LG Display has started mass-production at its second OLED panel production plant, the company announced Thursday. The new plant, located in Guangzhou, China, has the capacity to initially produce 60,000 OLED sheets a month, which combined with LG’s existing plant in Paju, South Korea means that LG Display’s total OLED production capacity has almost doubled to 130,000 sheets monthly.
According to LG, the panels produced at its new plant will be used to create displays ranging in size from 48 to 77-inches. They’re for TVs, in other words.

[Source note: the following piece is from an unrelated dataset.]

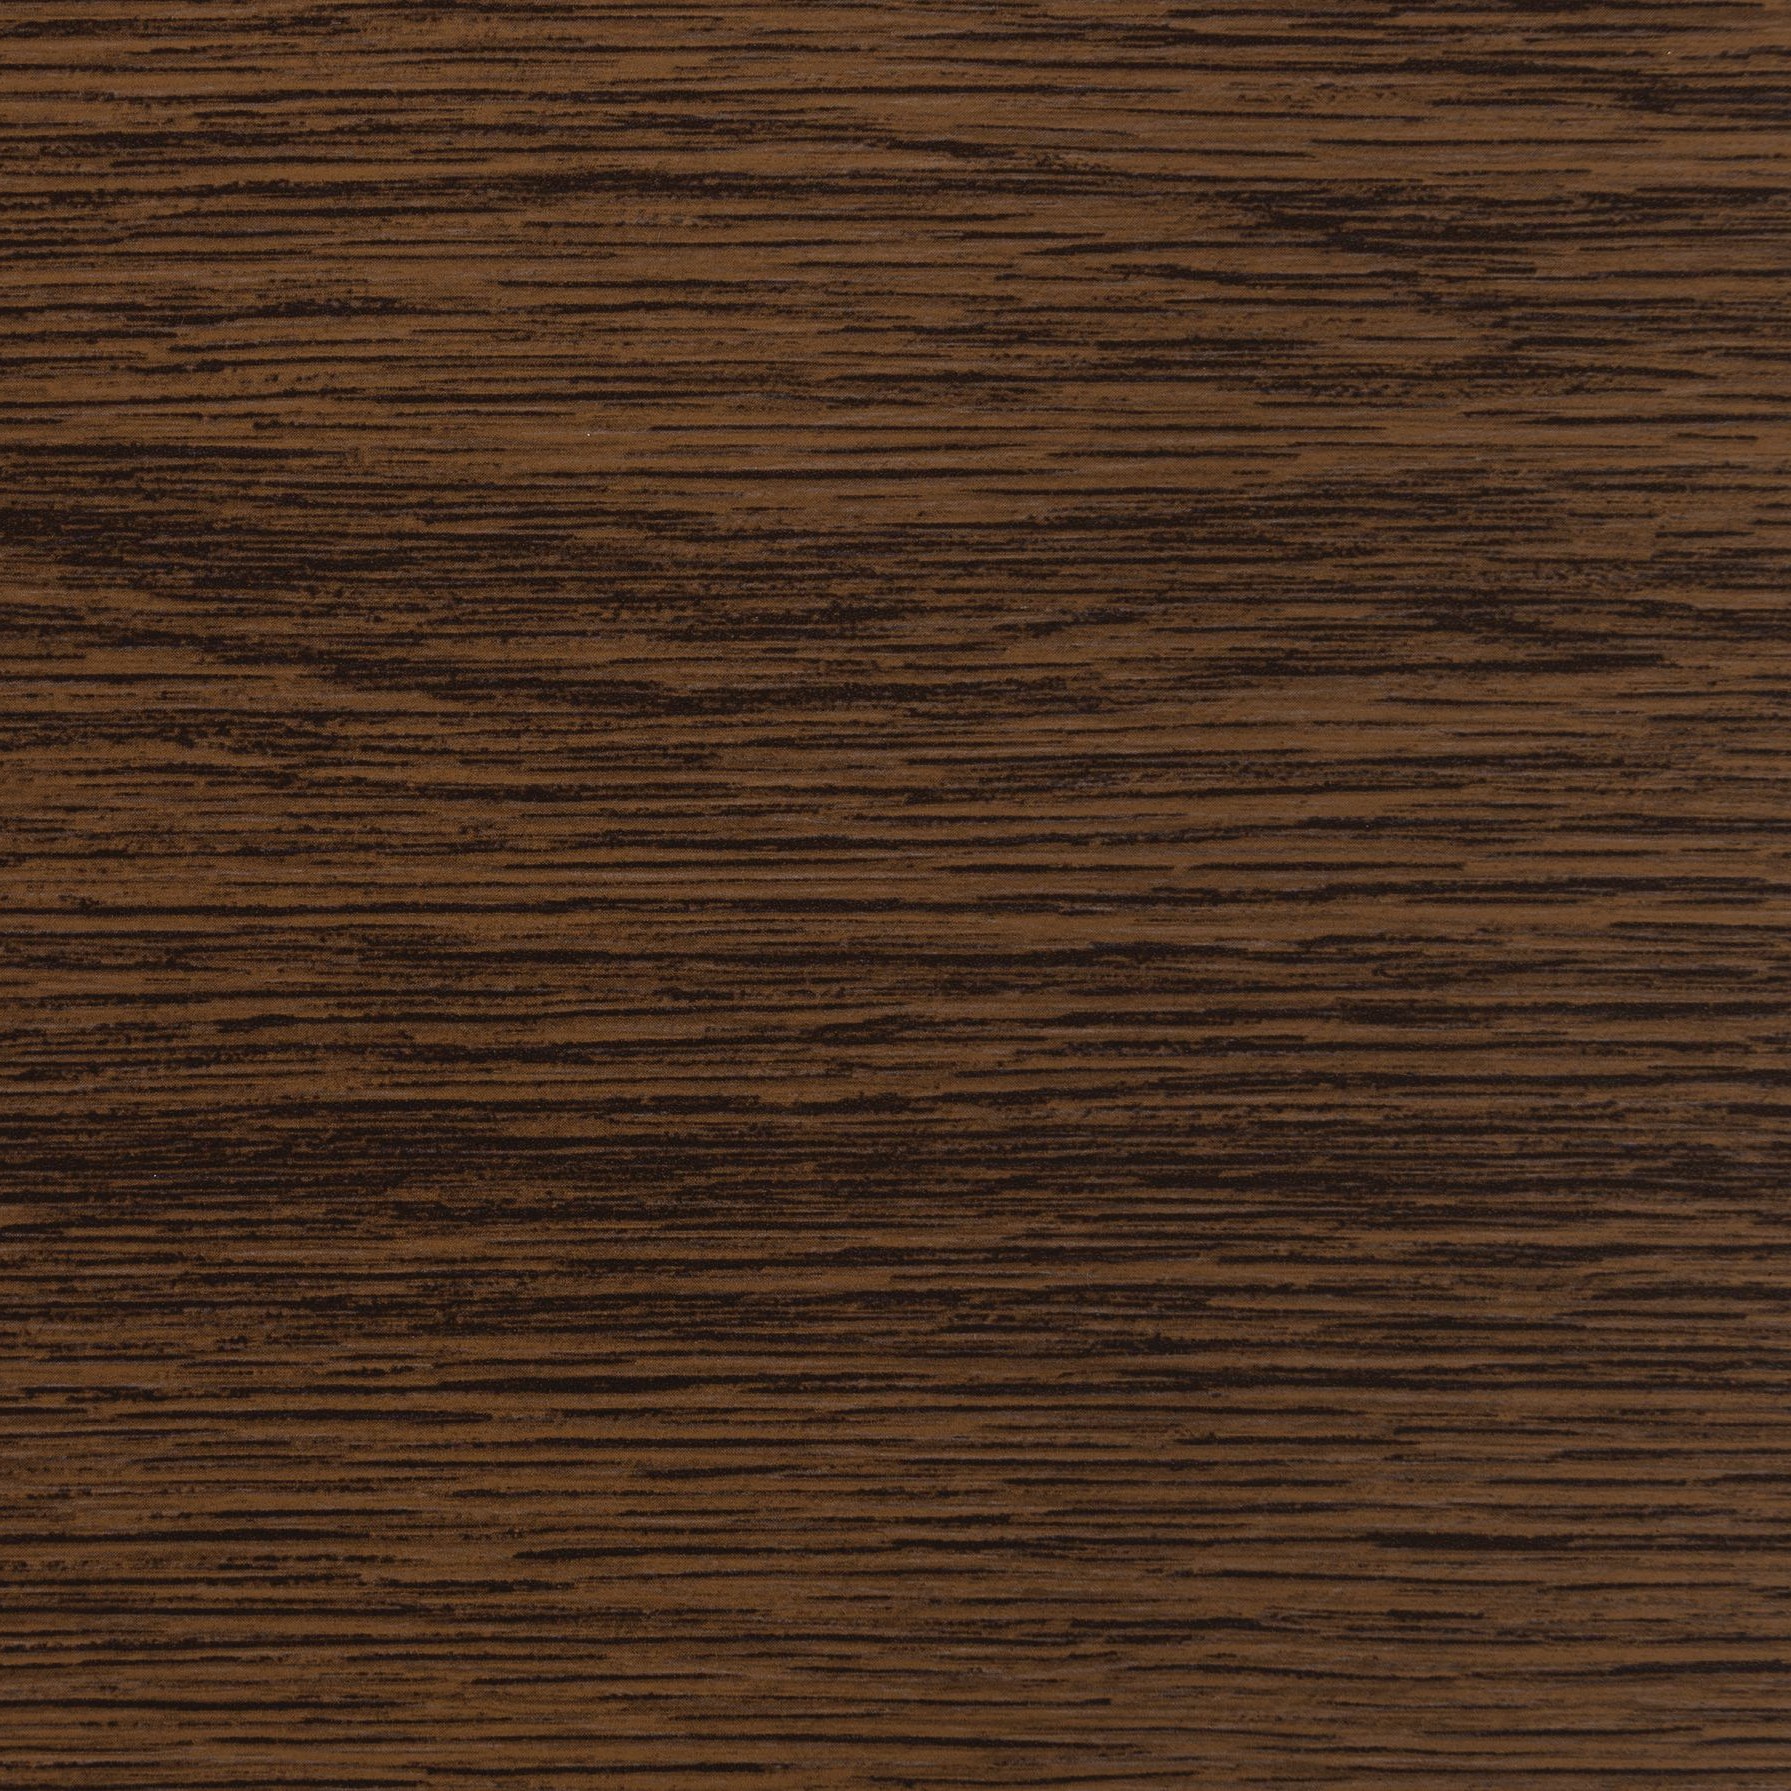 Swatch of close up UniCote LUX Ashwood woodgrain texture

LG Display is a major supplier of OLED panels for TVs across the industry. 19 brands, including LG, Vizio, Sony, Panasonic, Hisense, Bang & Olufsen, and Toshiba, use LG Display OLED panels in their TVs according to FlatPanelsHD.
The opening of LG Display’s new plant comes as it and competitor Samsung Display are shifting their attention away from LCD panels, which the majority of TVs currently use. LG Display announced earlier this year that it is ending production of LCD TV panels in South Korea, Reuters reports, while Samsung Display said it was ending LCD display production in South Korea and China.
LG Display’s CEO, James Hoyoung Jeong, said he hoped the new plant will “enable more rapid adoption of OLED displays in the market.” He called large OLED displays an “essential growth engine” for LG Display. LG Display says that production capacity could increased to 90,000 sheets a month in the future at the new factory.
By 2021, LG Display has said it wants OLED panels to make up 50 percent of its revenue, up from around 30 percent in 2018, according to Reuters. Samsung Display, meanwhile, is pinning its hopes on quantum dot, with ZDNet reporting that its future QD displays will incorporate an OLED panel rather than the LCD layer used by its existing displays.